WHAT YOU ARE ASKED TO DO: A verbatim copy of all the data is required; the pictures should not appear in it.

INFORMATION PROVIDED:
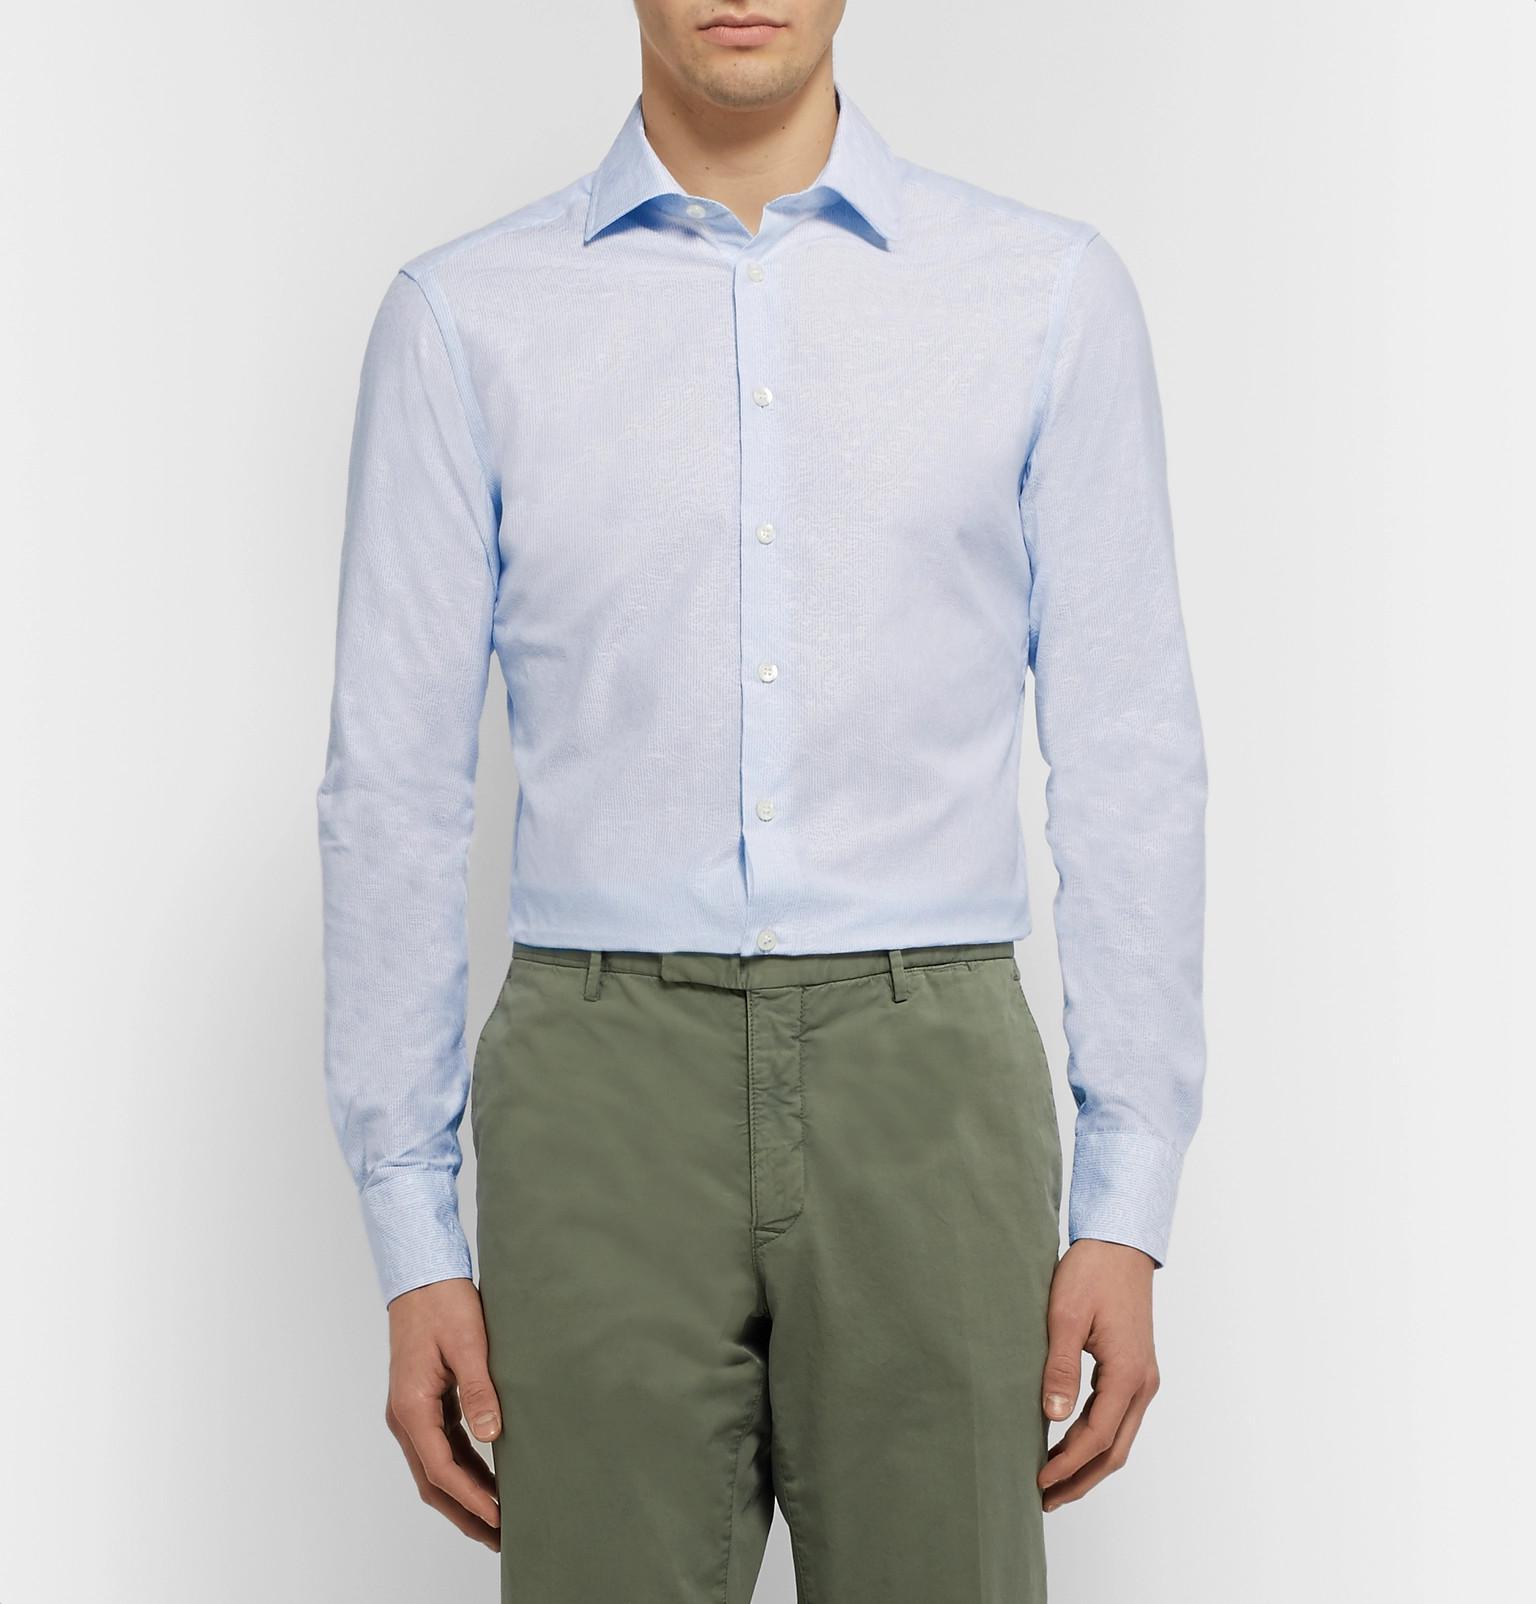 ec9e1338136 etro-blue-Light-blue-Slim-fit-Cutaway-collar-Striped-Cotton-jacquard-Shirt .jpeg
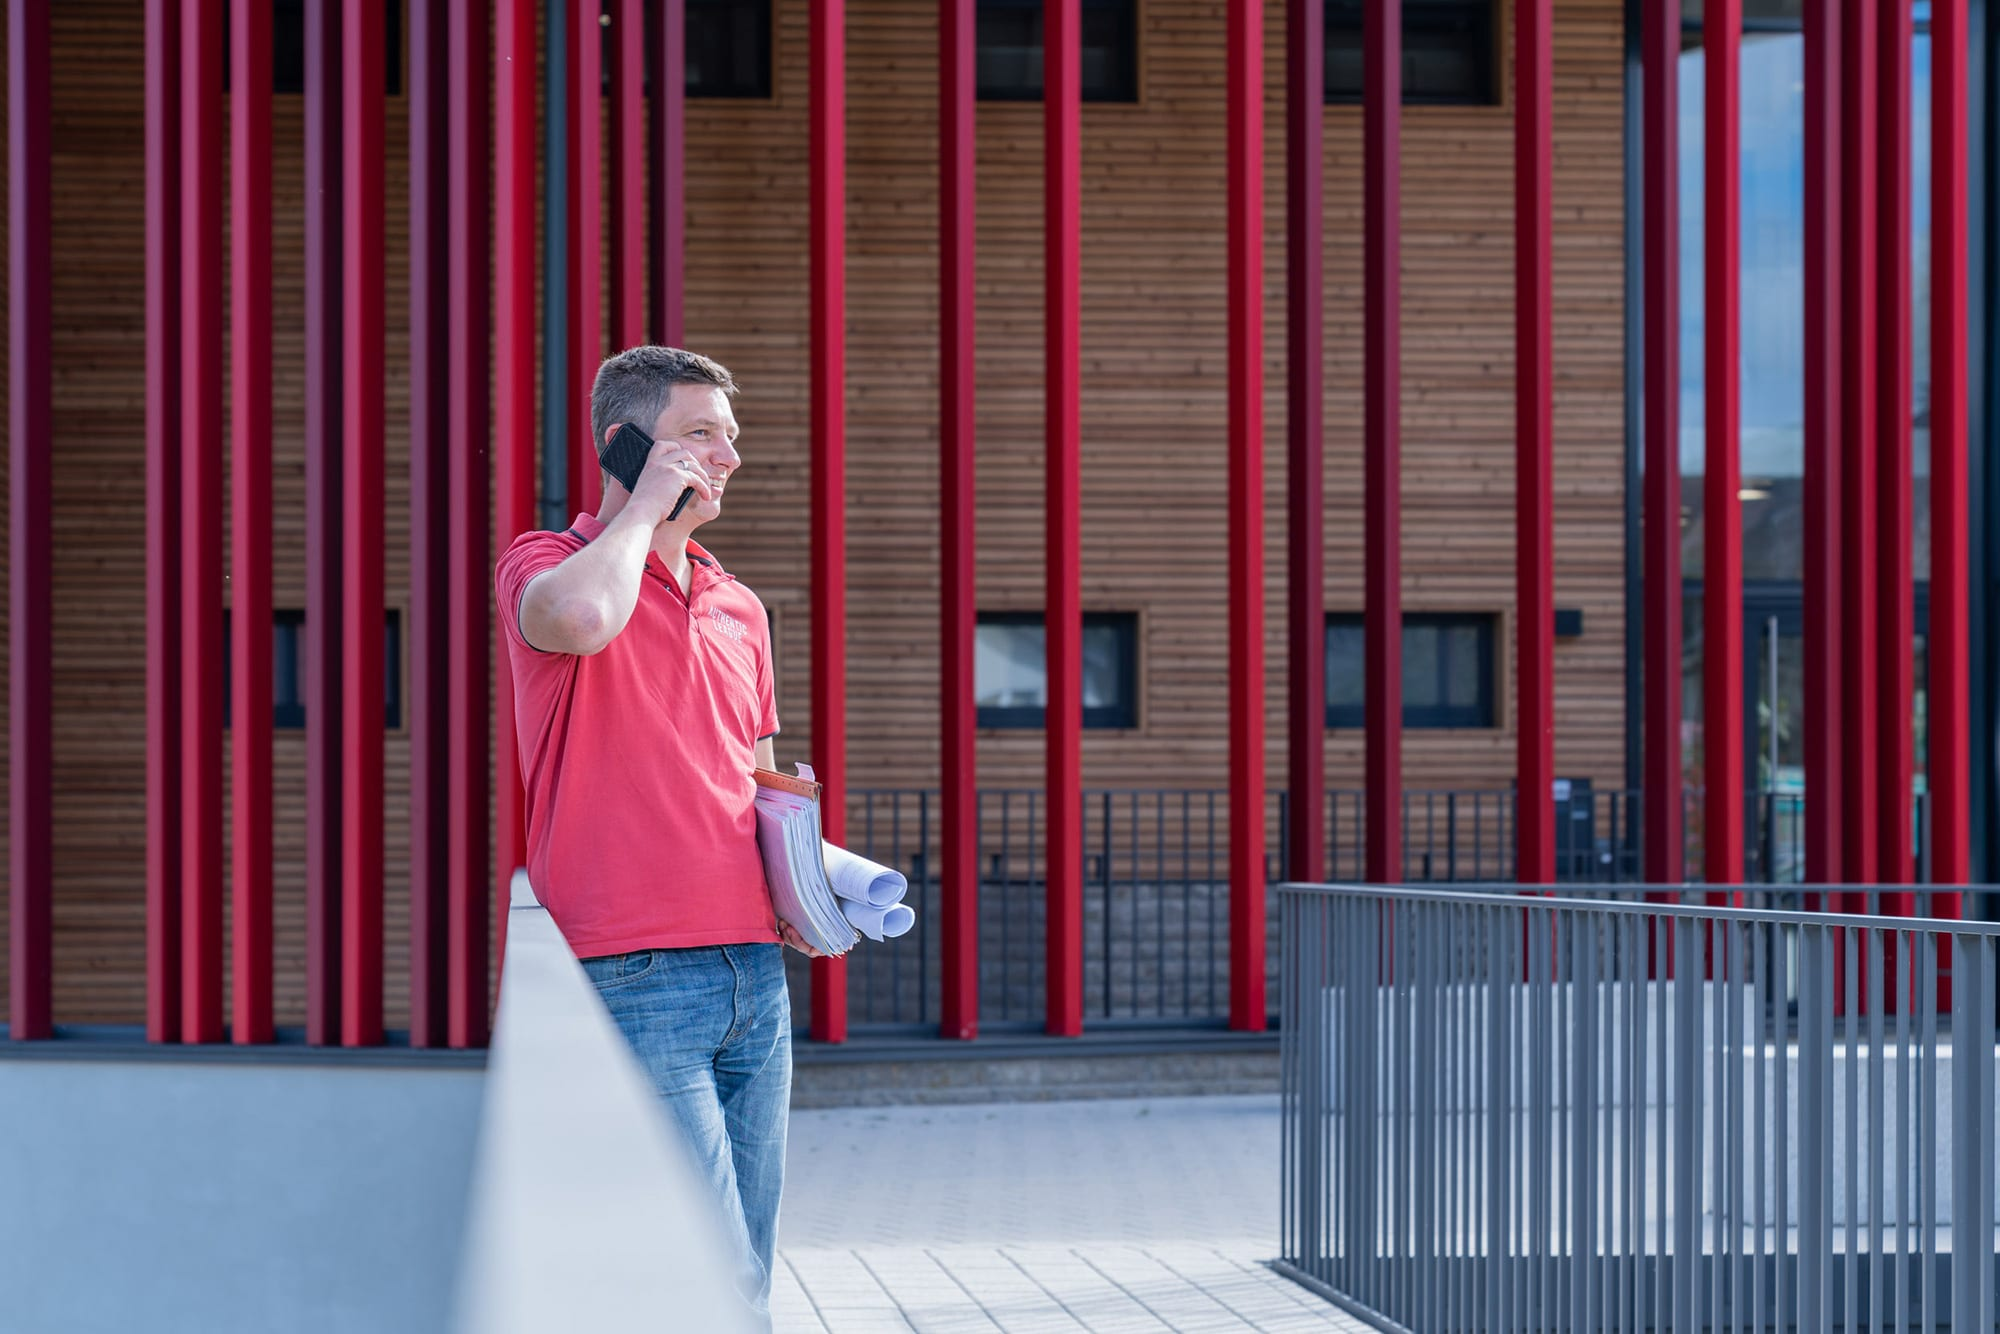 Ingenieurbuero Schlachter - Kontaktfreudig
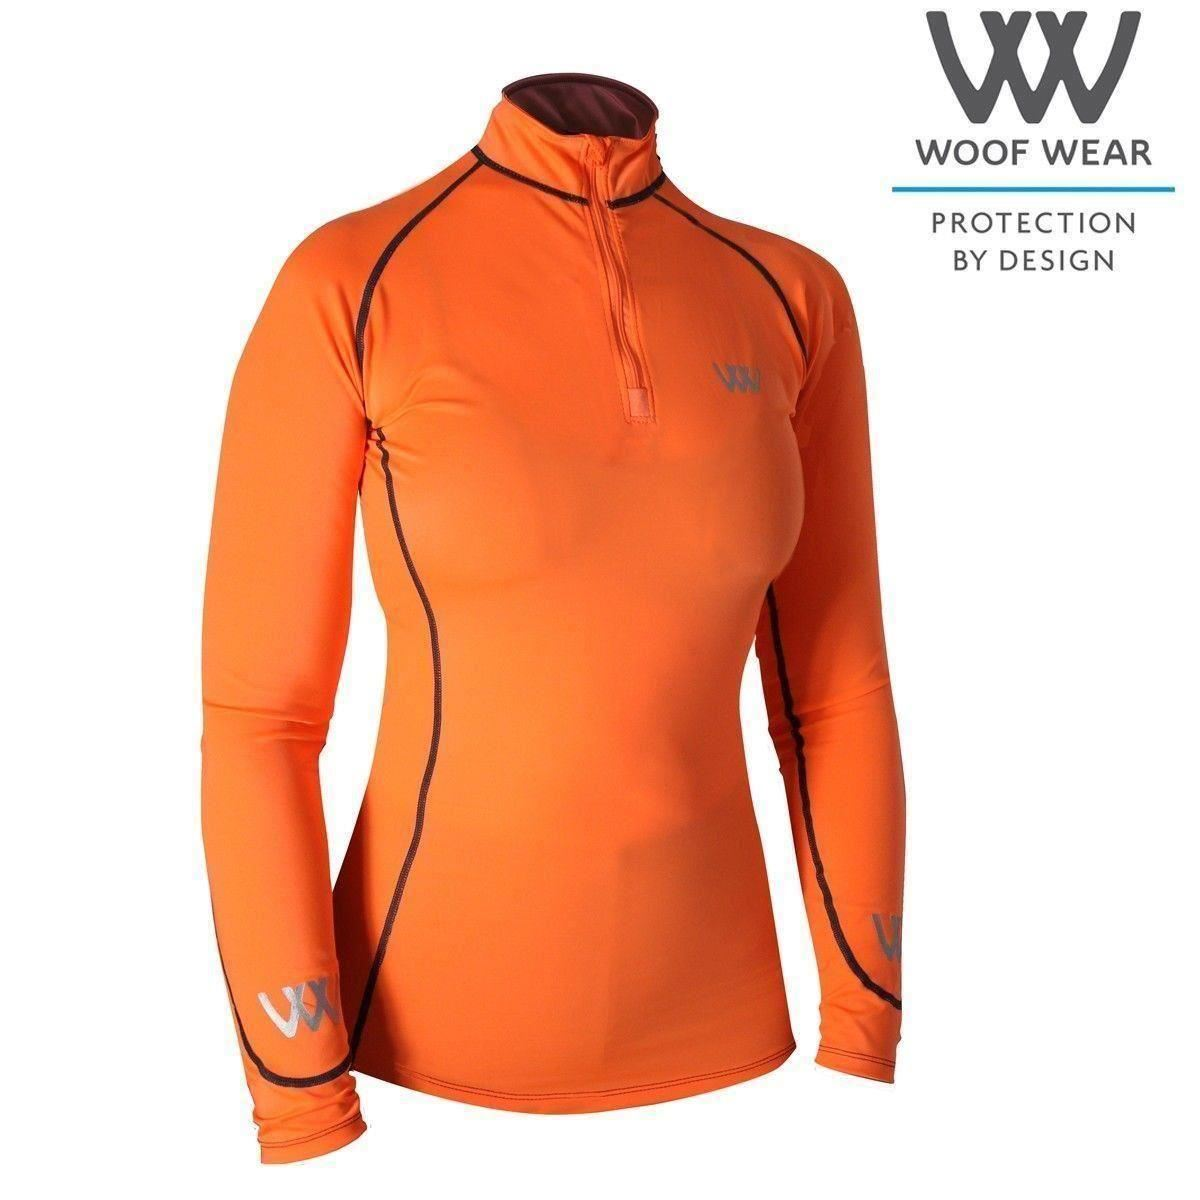 Woof Wear Performance Layer Riding Shirt Base Layer Performance 5828b0

FINAL ANSWER:
 ec9e1338136 etro-blue-Light-blue-Slim-fit-Cutaway-collar-Striped-Cotton-jacquard-Shirt .jpeg
 Ingenieurbuero Schlachter - Kontaktfreudig
 Woof Wear Performance Layer Riding Shirt Base Layer Performance 5828b0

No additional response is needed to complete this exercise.